搜索产生了 696 篇文章，其中 667 篇根据排除标准被排除，其余 29 篇被评估为可能纳入定性评估。 根据纳入和排除标准，纳入八项研究进行定性评估。在搜索过程中，15 项研究被确定为不符合 GNAS 突变纳入标准的机制研究； 然而，他们报告了 FD 样病变，并被纳入子分析，因为他们可以提供有关可能导致 FD 表型的机制的信息。六项研究被排除在外，因为他们建立了一个模型，在该模型中，来自人类FD病变的细胞被移植到小鼠体内，因此动物本身没有携带致病性或机制性突变。

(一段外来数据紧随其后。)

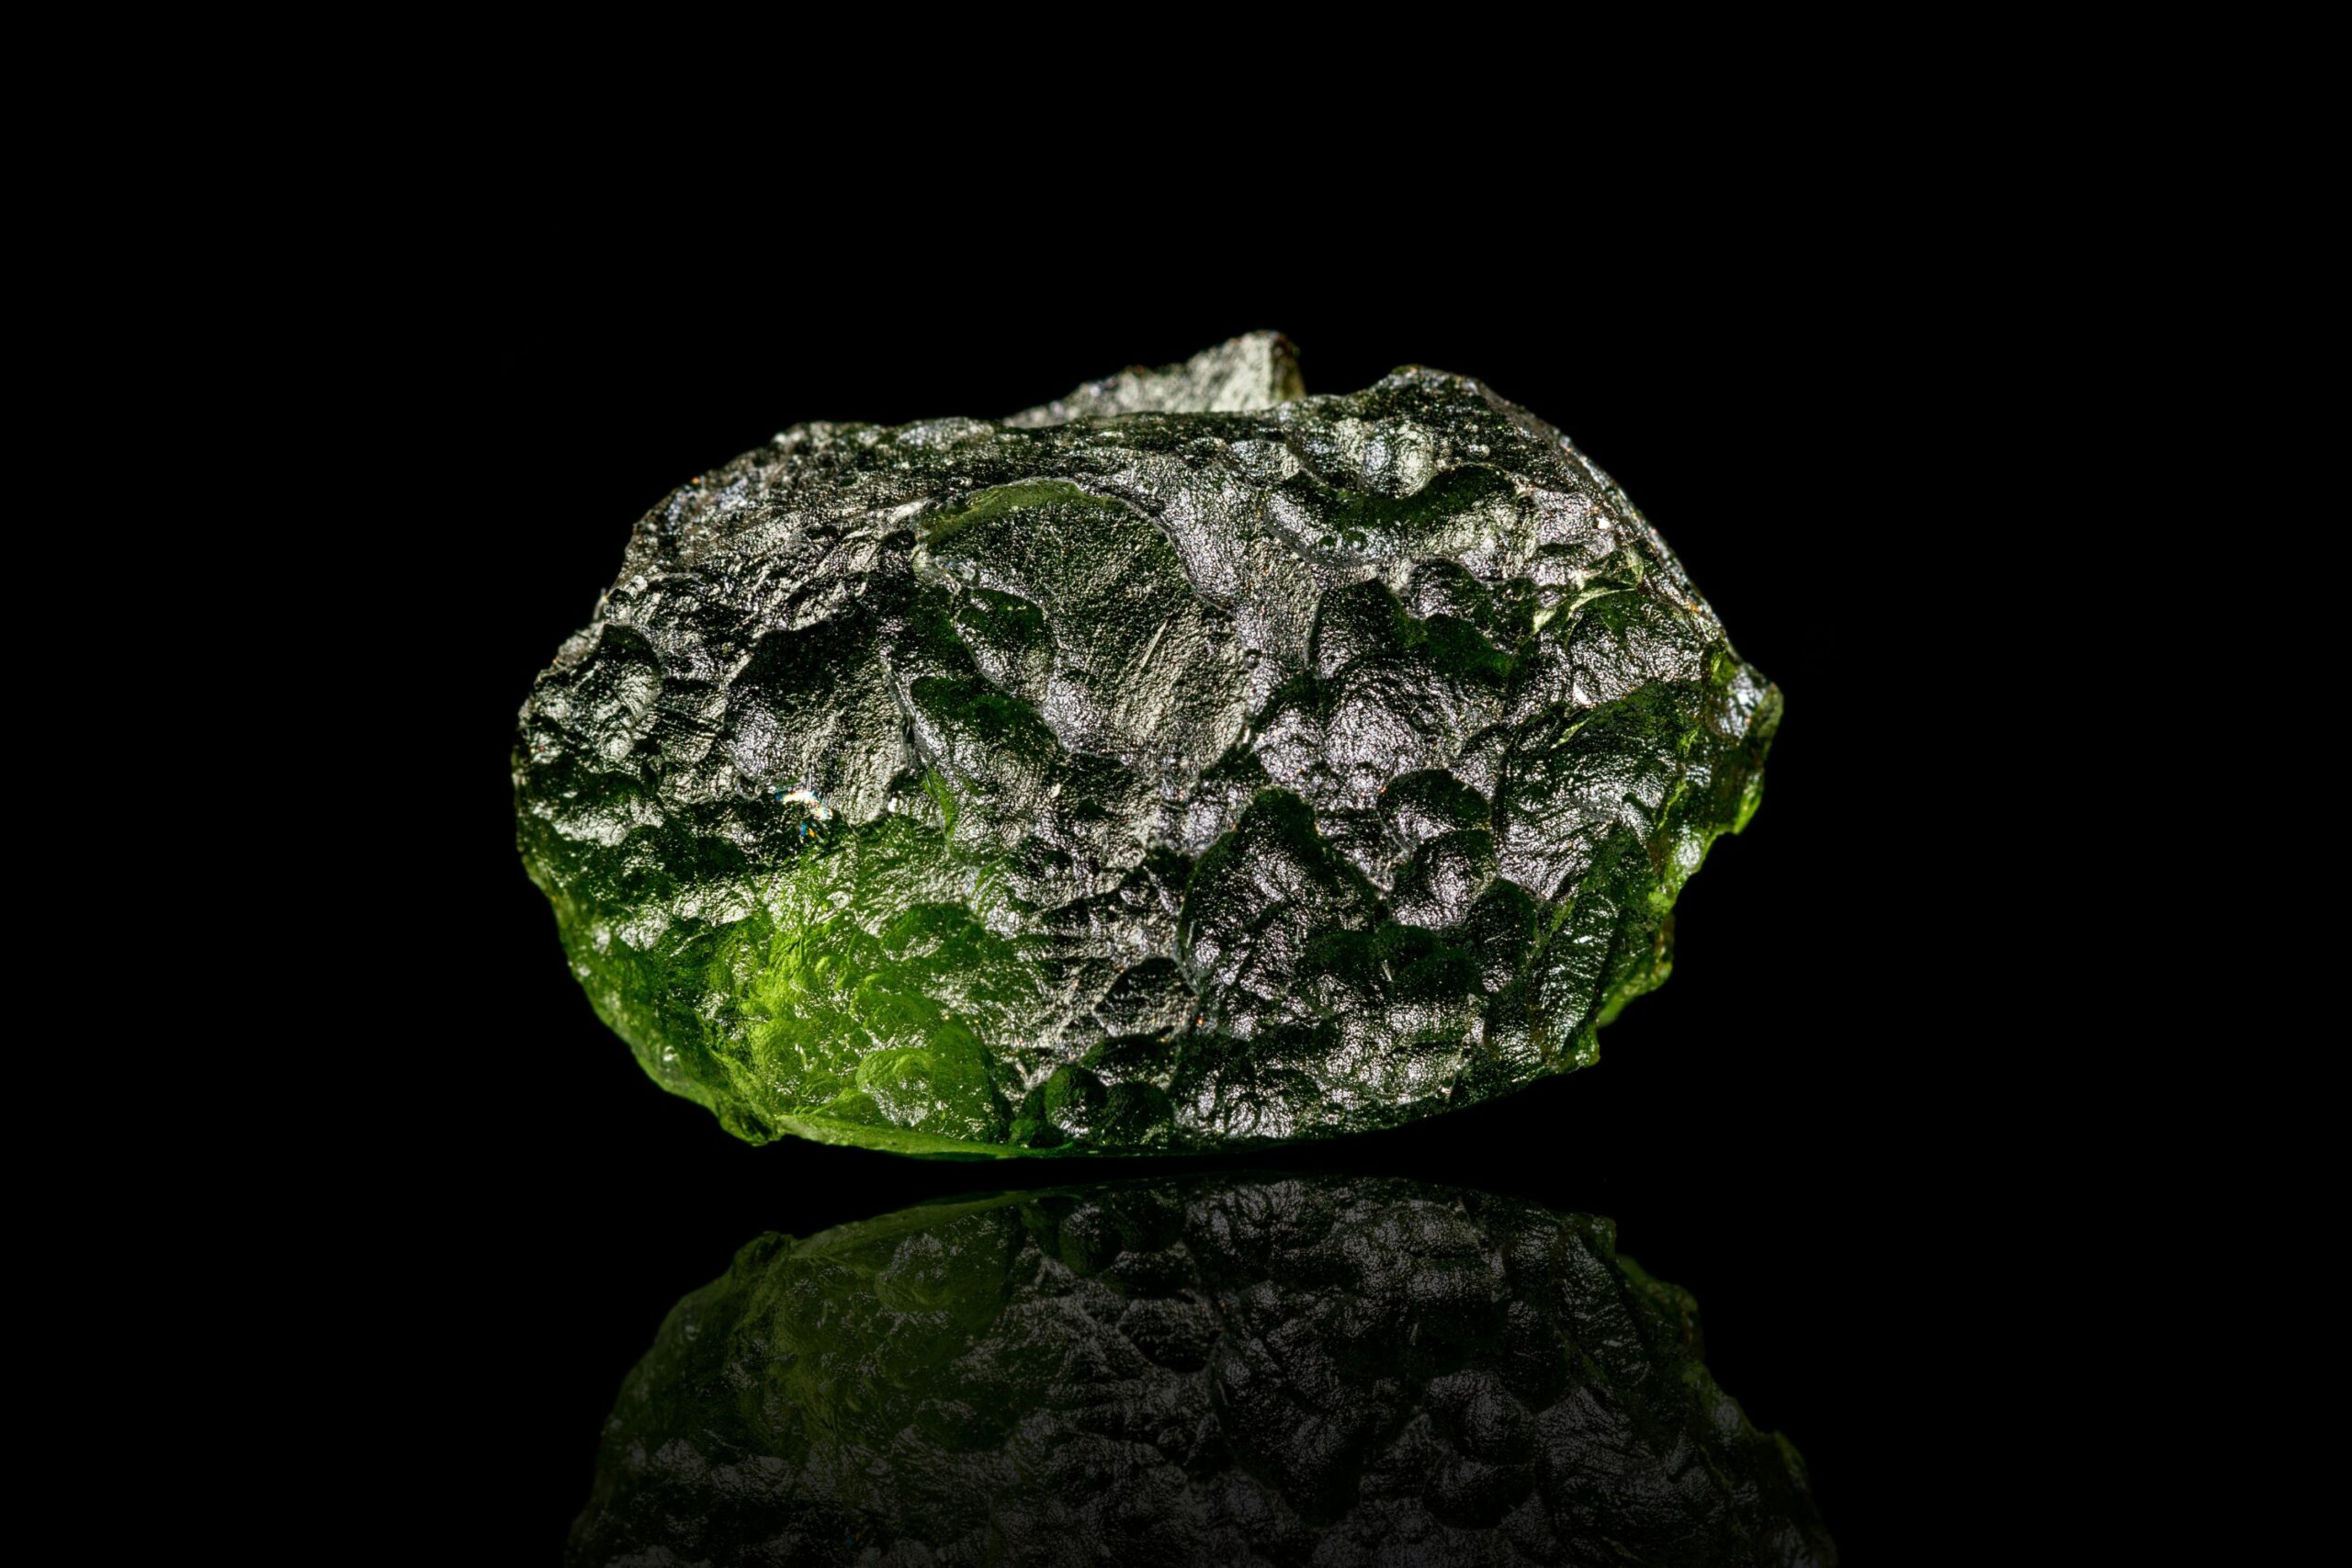 Green moldavite crystal on a reflective black surface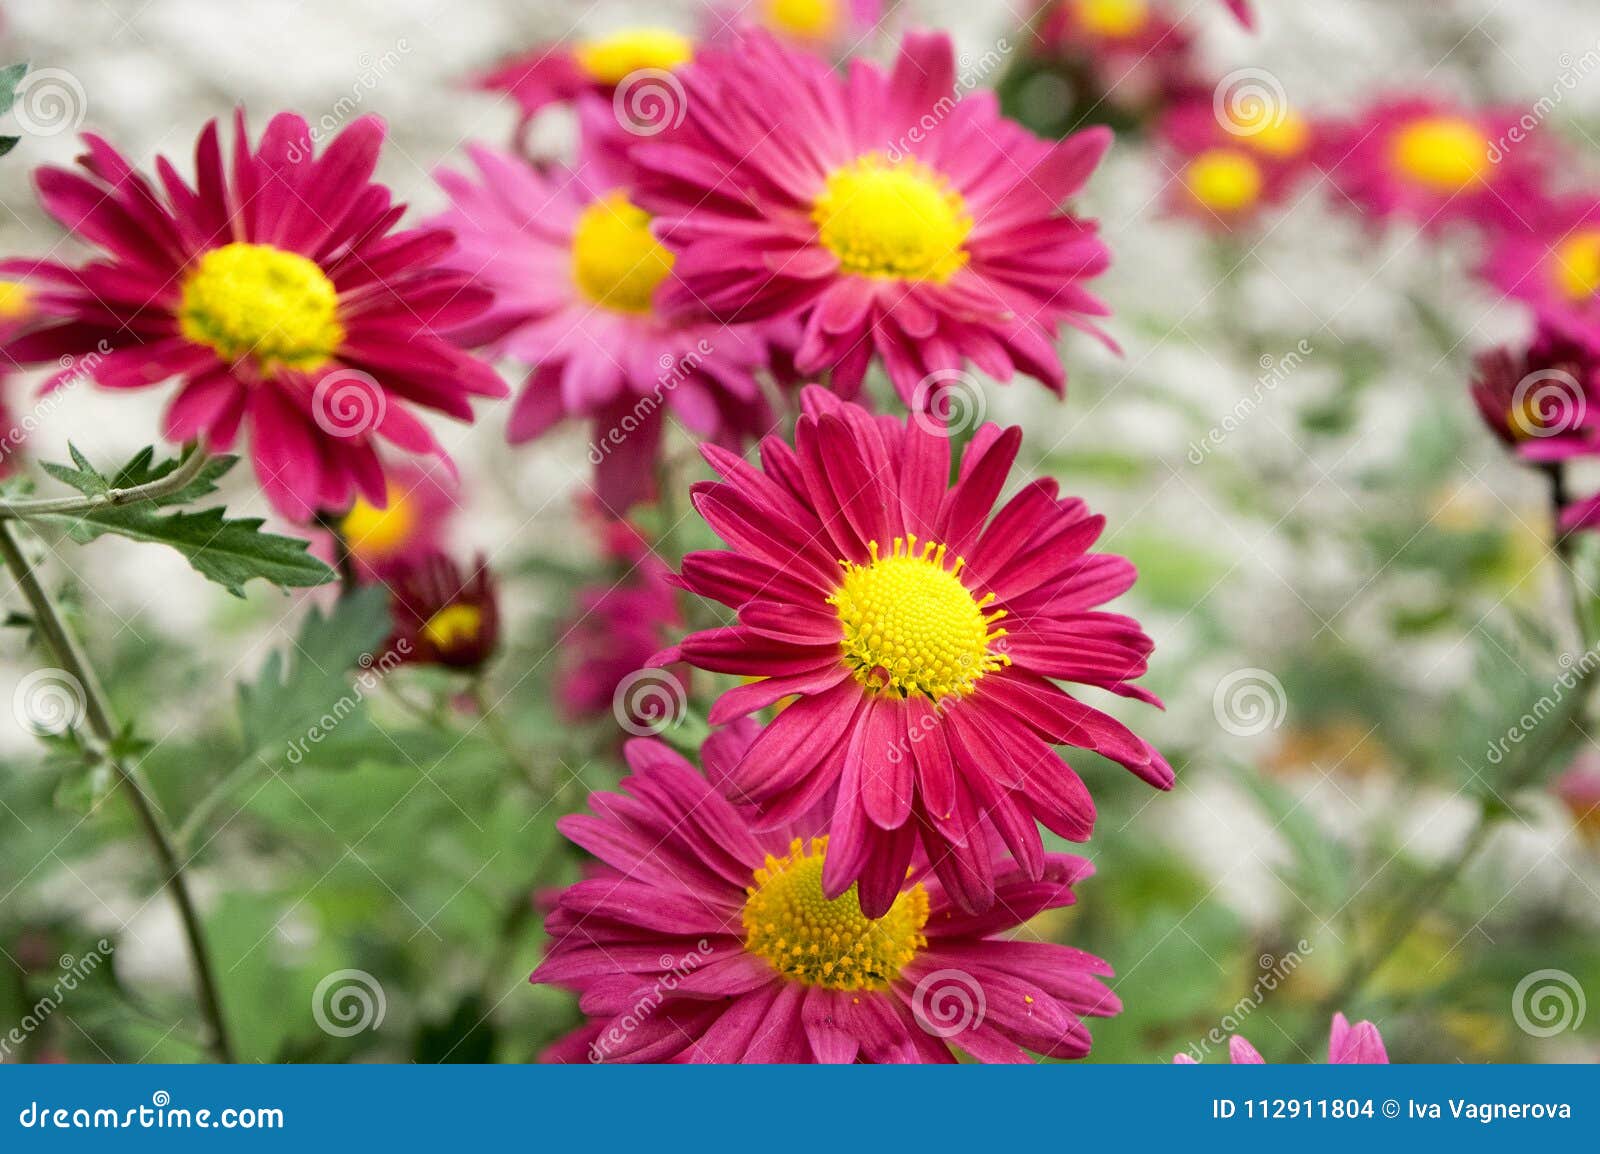 Chrysanthemum Indicum Mum Flowers In Bloom Stock Photo Image Of Daylight Autumn 112911804

这些模型的分类如图 2 所示，以建立本次审查中评估的模型的标准化命名法。确定了七种独特的致病小鼠模型。 这七个模型的研究均未评估或报告与 MAS 相关的骨骼外发现的发展。 另外两个模型（Col1a1-Bianco 和 Sox2-Yang 模型）没有发展出 FD 表型，但对它们可能产生的有关 FD 的信息进行了分析。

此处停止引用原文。